Supreme Court rules for employers in arbitration case
In a 5-4 decision Monday, the U.S. Supreme Court found that arbitration agreements for individualized proceedings must be enforced under the Federal Arbitration Act.
The action was brought by employees who sought to litigate Fair Labor Standards Act claims, and related state claims, through federal class actions, or collective actions. The parties argued that a “saving clause” in the law removes the mandate if the arbitration agreement violates another federal law, and the agreements in question violated the National Labor Relations Act.
The opinion consolidated three appeals, Epic Systems Corp v. Lewis, Ernst & Young v. Morris and National Labor Relations Board v. Murphy Oil USA.
Justice Neil Gorsuch wrote for the majority, finding that Congress has instructed that arbitration agreements written like the ones before the court must be enforced as written. The majority also found that nothing in the National Labor Relations Act suggested that Congress had the intention to displace the Arbitration Act.
“These rules exist for good reasons. Respect for Congress as drafter counsels against too easily finding irreconcilable conflicts in its work. More than that, respect for the separation of powers counsels restraint. Allowing judges to pick and choose between statutes risks transforming them from expounders of what the law is into policymakers choosing what the law should be,” the majority opinion reads. “Our rules aiming for harmony over conflict in statutory interpretation grow from an appreciation that it’s the job of Congress by legislation, not this Court by supposition, both to write the laws and to repeal them.”
Gorsuch was joined by Chief Justice John Roberts and Justices Anthony Kennedy and Samuel Alito.
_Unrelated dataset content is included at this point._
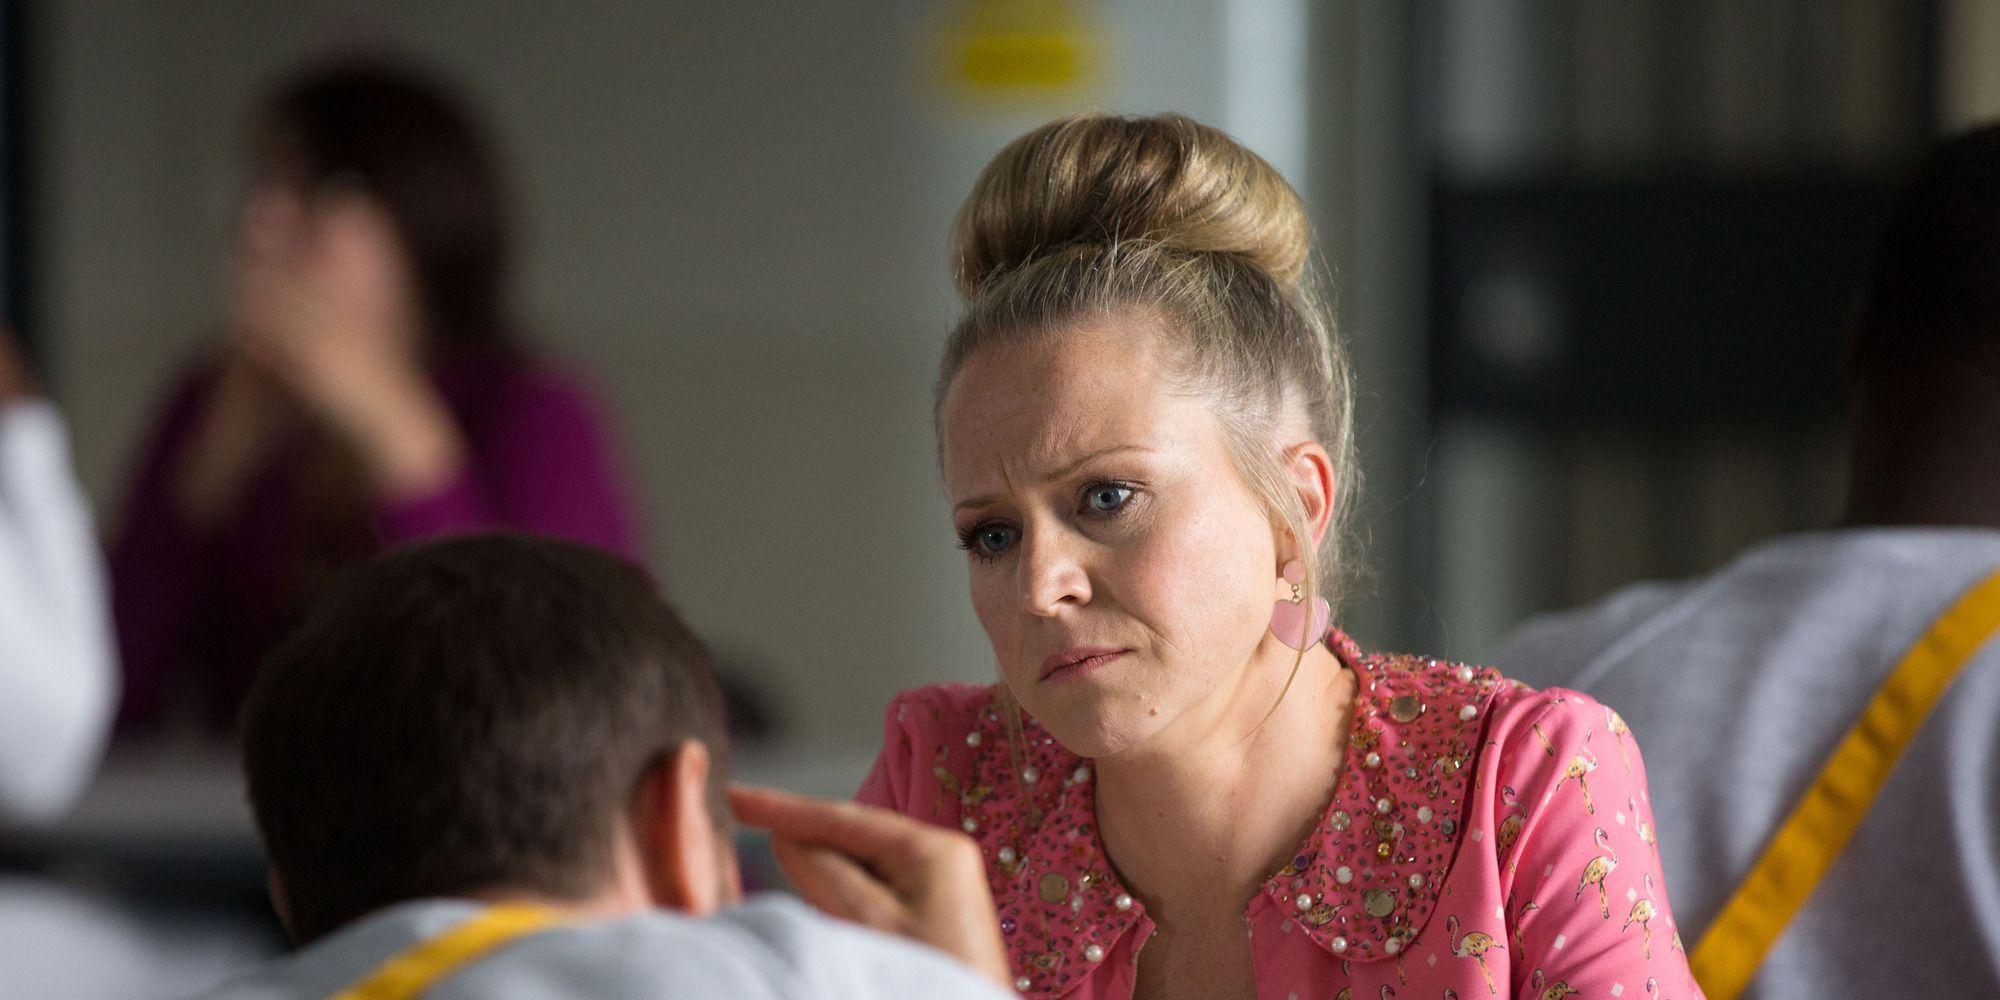 Linda Carter visits Mick in prison in EastEnders

Justice Clarence Thomas wrote a concurrence, and Justice Ruth Bader Ginsburg authored a dissent, joined by Justices Stephen Breyer, Sonia Sotomayor and Elena Kagan.
Ginsburg read her dissent, SCOTUSBlog reported.
“The law could hardly be otherwise: Employees’ rights to band together to meet their employers’ superior strength would be worth precious little if employers could condition employment on workers signing away those rights,” Ginsburg wrote.